Tremonti may be troublesome
Politics hath no fury like a finance minister scorned. So it was with Germany's Oskar Lafontaine, kicked out by chancellor Gerhard Schröder, in 1999 and today the scourge of his ruling Social Democrats. Now Italy's Giulio Tremonti may follow suit.
Prime minister Silvio Berlusconi sacrificed Tremonti in July after a stab in the back from Gianfranco Fini, deputy prime minister in his centre-right coalition.
It was in any event a hard decision for Berlusconi, who hates making cabinet changes.
Moreover, Tremonti had played an invaluable role in stabilising the coalition by staying on the best of terms with Umberto Bossi, the rambunctious Northern League leader who has regularly threatened to pull his party out of the government.
Observer's person in the piazza says Tremonti is quietly preparing a return to the political limelight, using his friendship with Bossi as a platform.
National elections are due in Italy by May 2006. The word is that Tremonti may align himself with Bossi in what would be a new rightist alliance in the north of the country.
Tremonti was a loyal lieutenant in Berlusconi's Forza Italia party, so no one is - yet - suggesting that he's out to harm the prime minister.
Rather, Tremonti's apparent target is Fini, who has long-term ambitions to replace Berlusconi as leader of the centre-right.
Book your tickets now to watch the Tremonti vs Fini rematch.
Zalm in a jam
It helps to have a sense of humour if you are a eurozone finance minister these days.
The Netherlands' jocular Gerrit Zalm made light of his late arrival at a bash in Amsterdam yesterday to debate the "successes, lessons and challenges" of five years of the euro.
Zalm was held up by heavy traffic on the motorway from The Hague. "It is a sign of growing economic activity," he quipped.
Few other speakers dwelt on the sclerotic growth or stubbornly high unemployment endured in the eurozone since the introduction of the single currency. Instead, there was much back-slapping about the taming of inflation.
Wim Duisenberg, the European Central Bank's first ECB president, shambled out of retirement to proclaim that "the euro has been a success from the start".
He has ended his purdah and is speaking in Madrid and Toronto in the next few weeks. This follows a trip to Kuala Lumpur last month, where he lectured on "The euro and Asia".
Duisenberg has certainly started clocking up the air miles since joining the board of Air France/KLM in June.
As much as they love him - and they do, even after a year in the job - most Californians think governor Arnold Schwarzenegger should stop talking about foreign-born citizens getting a shot at the presidency.
The latest Field poll shows 60 per cent in the state opposed to the idea of changing the constitution, which allows a run for the White House only by born-in-the-USA candidates.

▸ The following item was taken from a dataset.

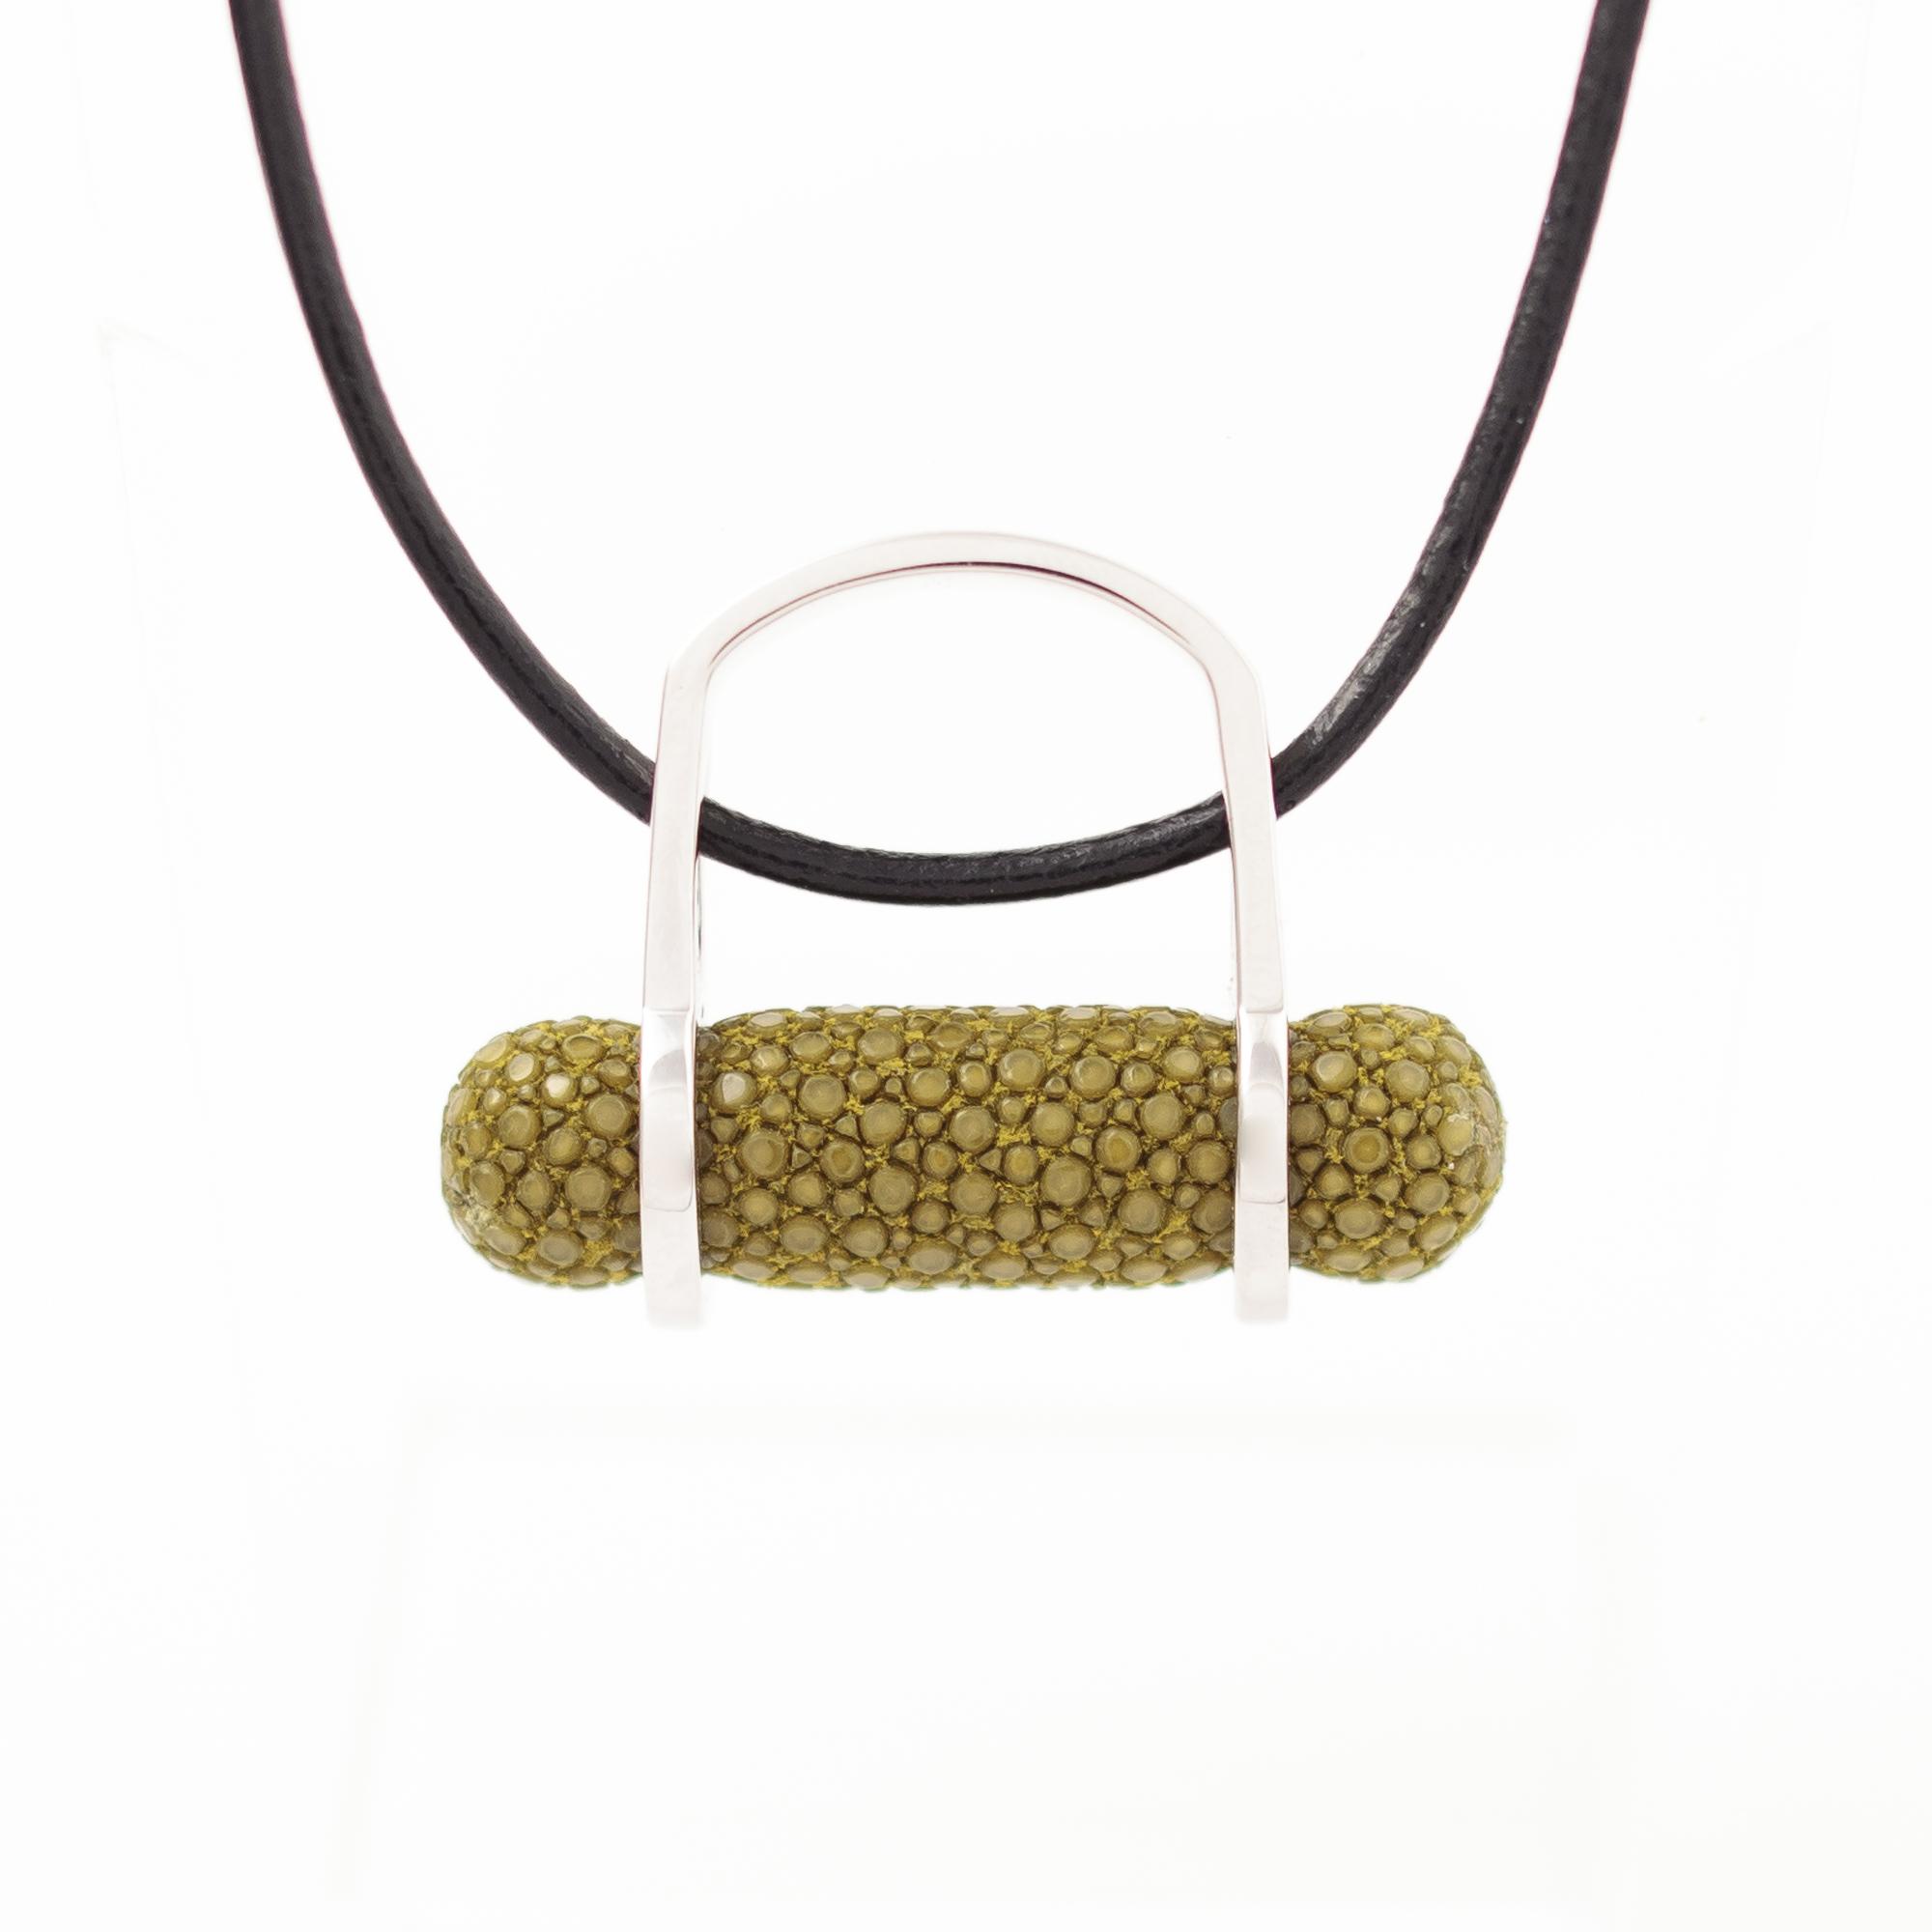 tresor-by-flore-galuchat-bague-pendentif-ogive-kiwi2
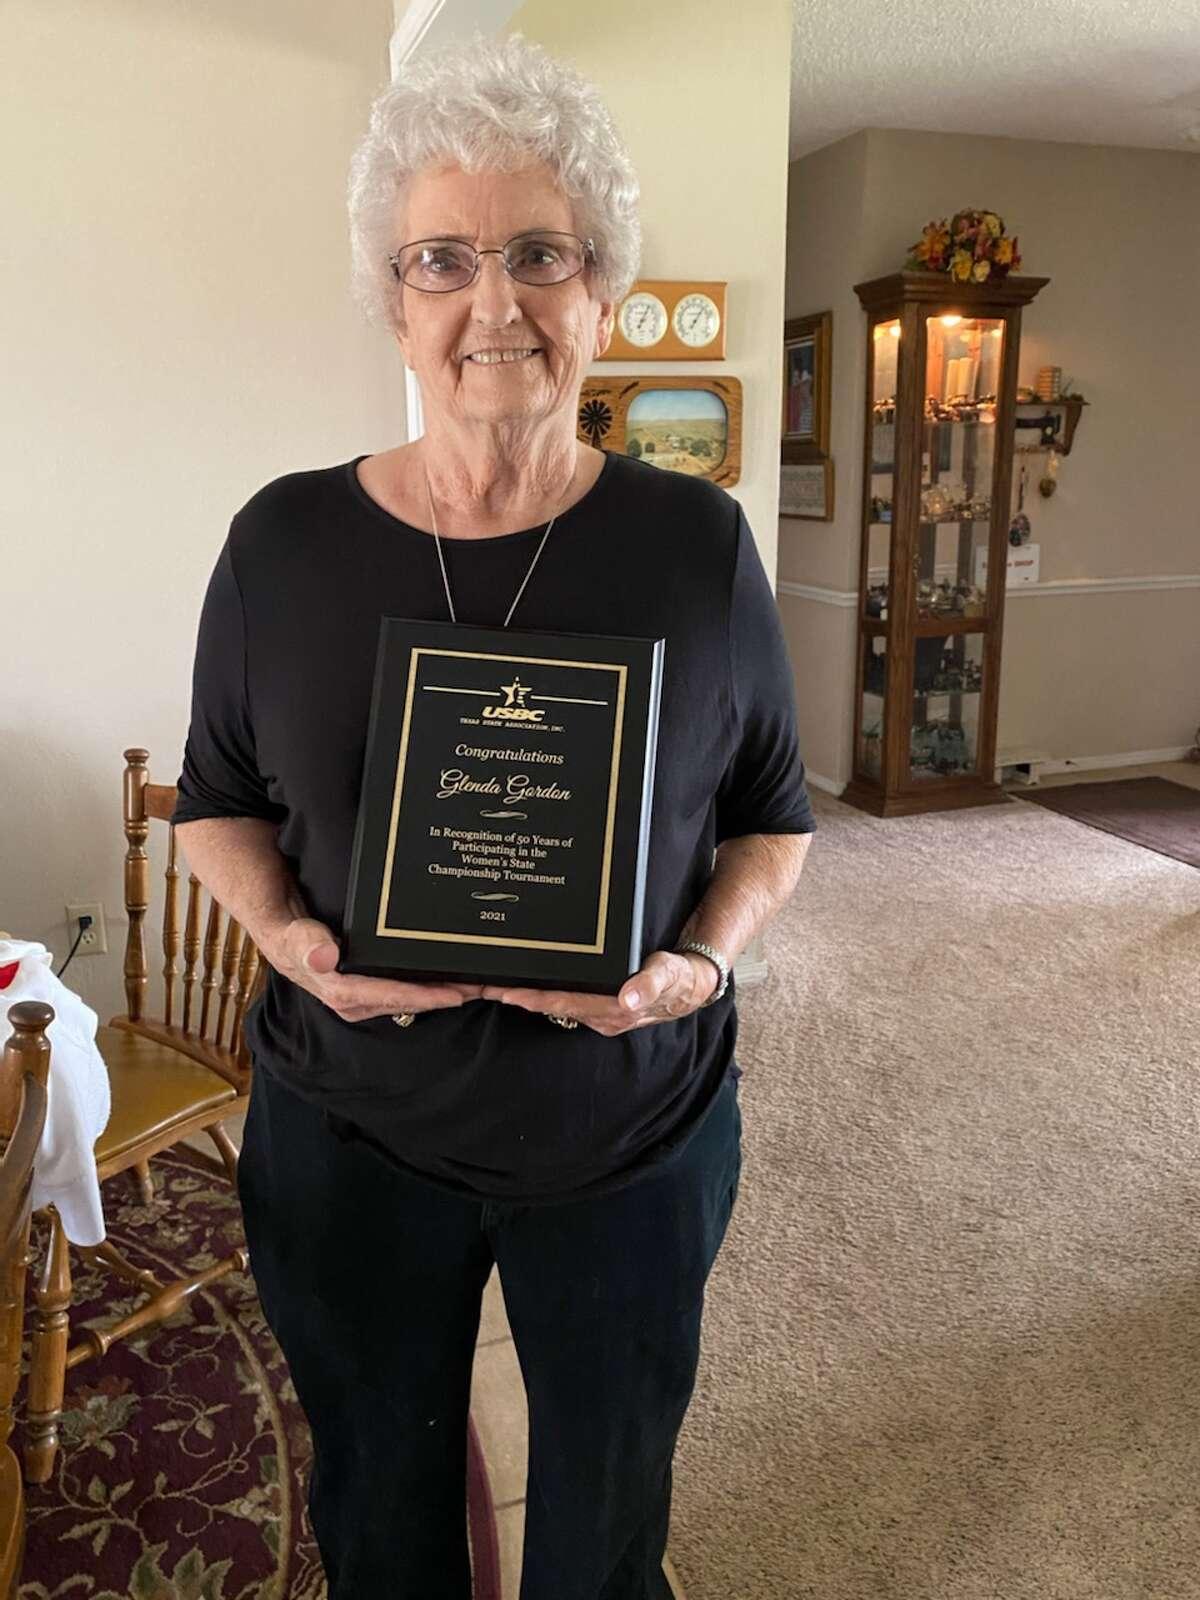 Former longtime Plainview resident Glenda Gordon holds her plaque commemorating 50 Texas Women's Bowling Association state tournaments.

While attempts to amend the provision are under way in Congress, Schwarzenegger has limited his contribution to suggestions that at least there should be a national debate on the subject. Having heard the opinion of an electorate not exactly famed for its orthodoxy, he can probably guess at the response from the boondock states.
The odd thing is that a large majority said they would not vote for him even if the rules were changed. All the odder because, on the first anniversary of his election, 65 per cent say they think he's doing a good job as governor. This number has not changed since May. And for the first time in three years, a plurality of voters (46 per cent) believe California is heading in the right direction.
The only explanation Observer can suggest for this obstinacy is that Californians want to keep him all for themselves. That's probably fine by the rest of the country.
Sum of knowledge
Tony Blair has long extolled the enriching benefits of introducing private sector expertise and practices into the public service arena.
Sadly, the British prime minister's message does not appear to have reached all parts of government life - as Tristram Jones-Parry, headmaster of one the country's smartest private schools, has learnt.
Faced with the prospect of retirement next year from Westminster School in London, Jones-Parry offered his services to the state sector as a mathematics teacher of 30 years' standing - only to be told he lacked the necessary teaching certificate and thus wasn't eligible. Westminster frequently tops the charts of school examination performance and more of its pupils take maths than at most schools. Elsewhere in UK secondary education, the subject is in decline.
So whether his rebuff was a bit of petty bureaucracy or an anti-elitist reflex, the whole thing doesn't appear to add up.
Lure of Lazard
Lazard raised the eyebrows of investment bankers when it made about 10 of its rivals promise not to poach any Lazard staff if they want to underwrite its initial public offering. But, it turns out, this is a case of "do as I say, not as I do".
When Lazard was advising Oppenheimer & Company on its sale to Mercantile House, a British merchant bank, for $162m (€130m) in 1982, it used the due diligence process to woo many of the Wall Street house's best and brightest.
Leon Levy, former head of Oppenheimer, was so scarred by the episode that he complained about it in The Mind of Wall Street, a book on stock market psychology that he published 20 years later.
He recalled Steve Robert, president of Oppenheimer, telling Felix Rohatyn of Lazard: "It's like a divorce in which your lawyer is sleeping with your wife."